» **Data shown**
##########

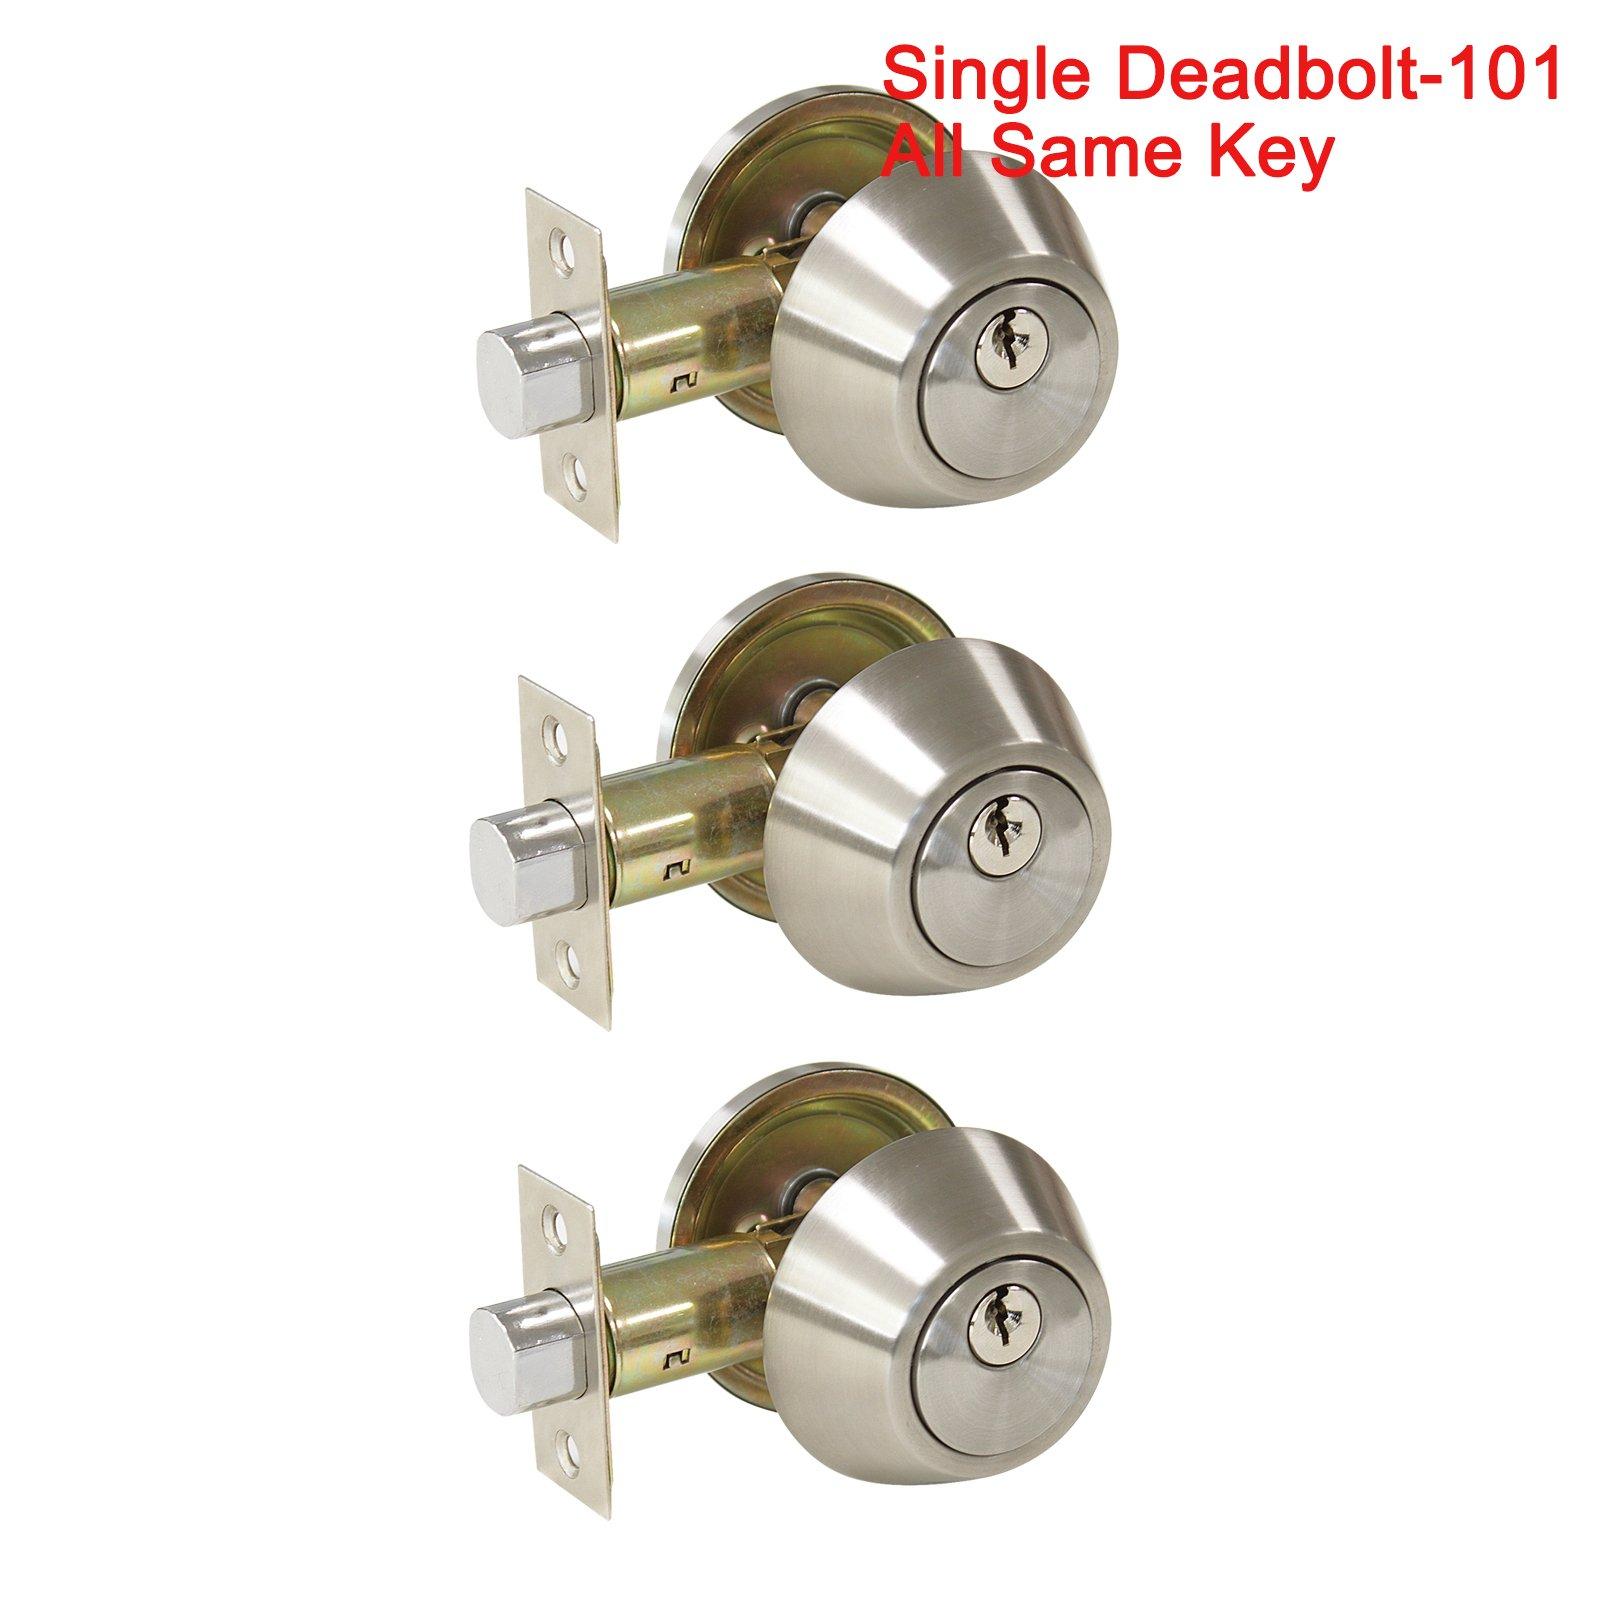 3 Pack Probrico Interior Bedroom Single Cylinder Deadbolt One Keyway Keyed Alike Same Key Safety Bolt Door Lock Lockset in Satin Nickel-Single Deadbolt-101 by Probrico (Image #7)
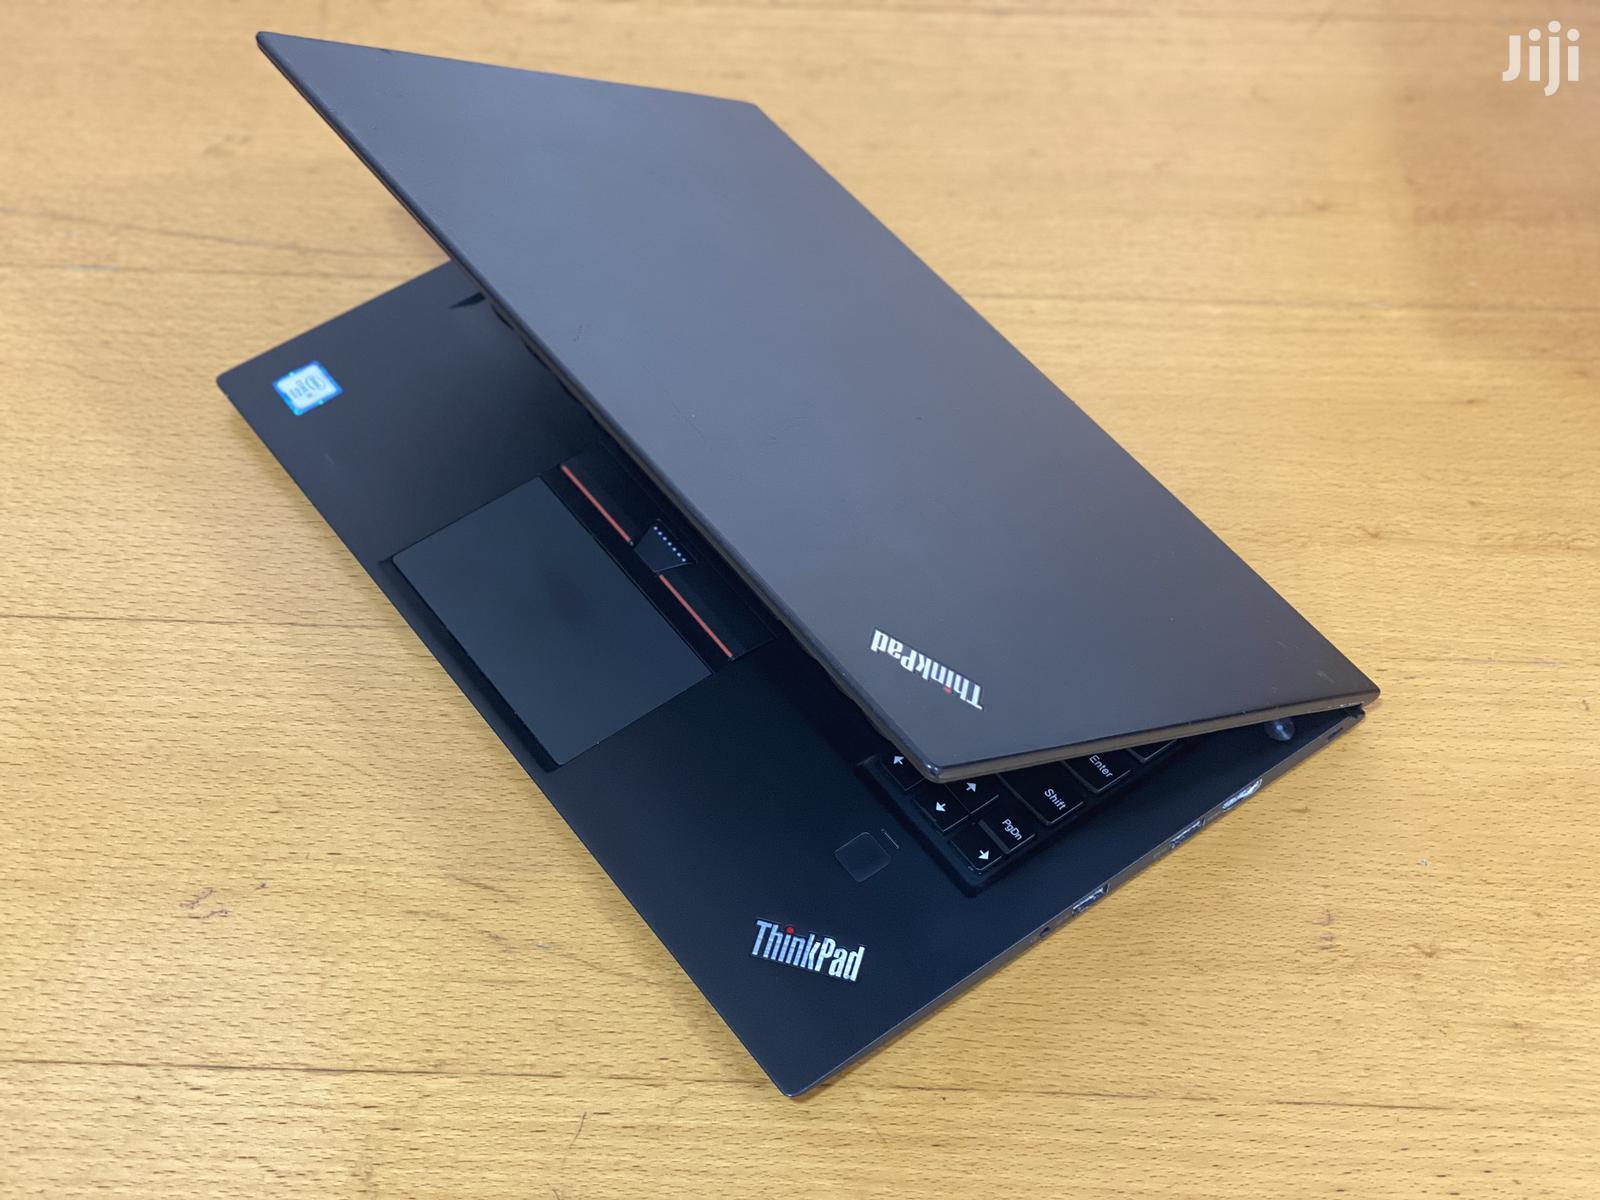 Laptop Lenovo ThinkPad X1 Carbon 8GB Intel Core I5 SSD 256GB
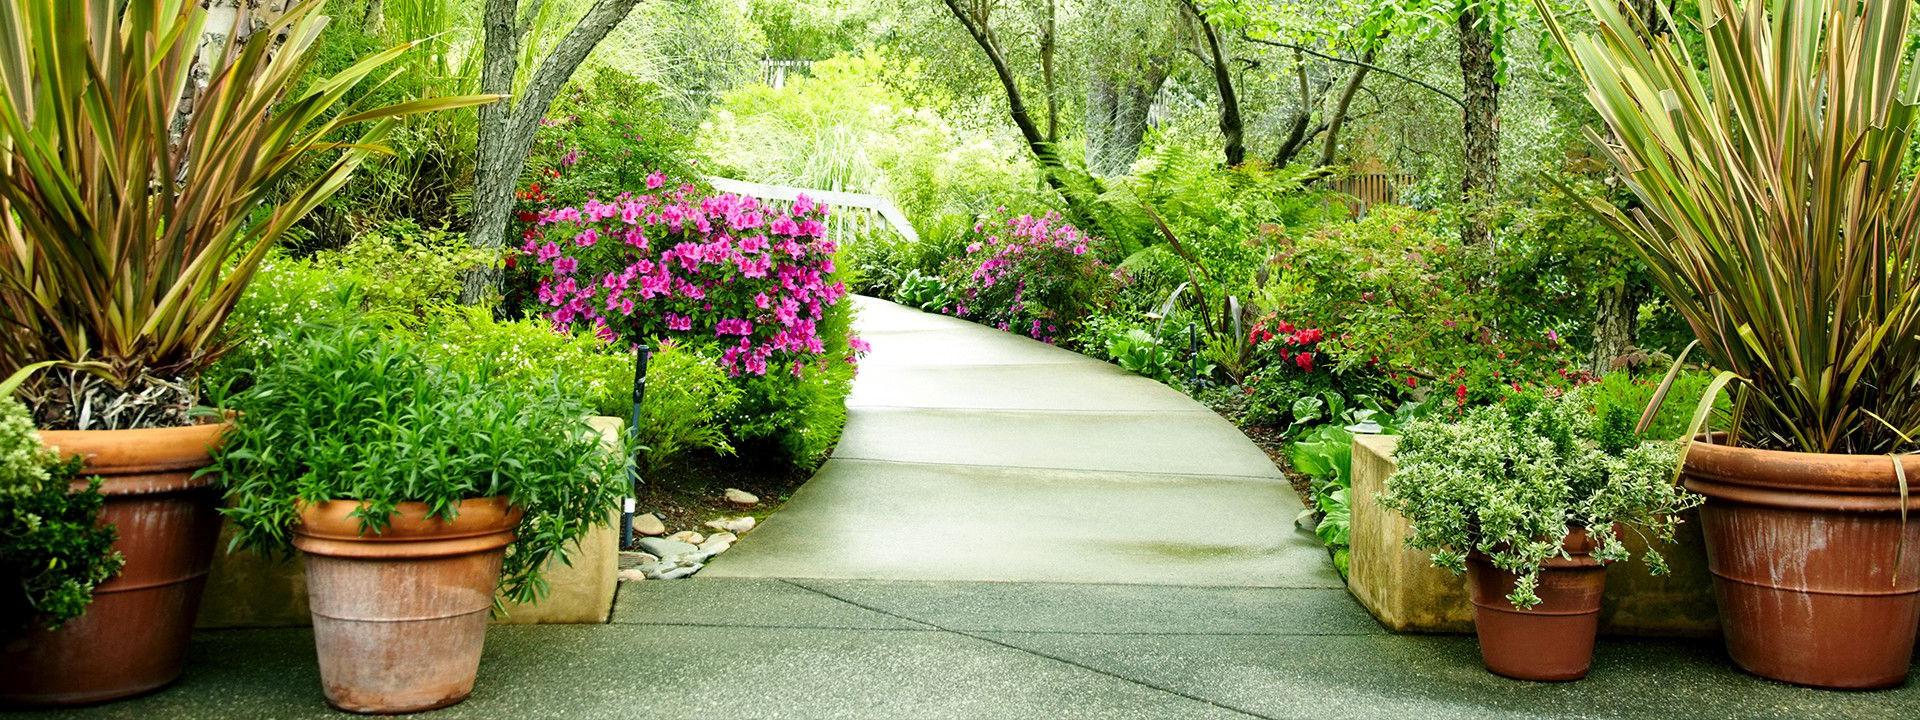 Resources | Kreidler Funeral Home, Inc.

##########

» **Exercise goal**
Transcribe the listing exactly, skipping pictures.

» **Result of this exercise**
 3 Pack Probrico Interior Bedroom Single Cylinder Deadbolt One Keyway Keyed Alike Same Key Safety Bolt Door Lock Lockset in Satin Nickel-Single Deadbolt-101 by Probrico (Image #7)
 Laptop Lenovo ThinkPad X1 Carbon 8GB Intel Core I5 SSD 256GB
 Resources | Kreidler Funeral Home, Inc.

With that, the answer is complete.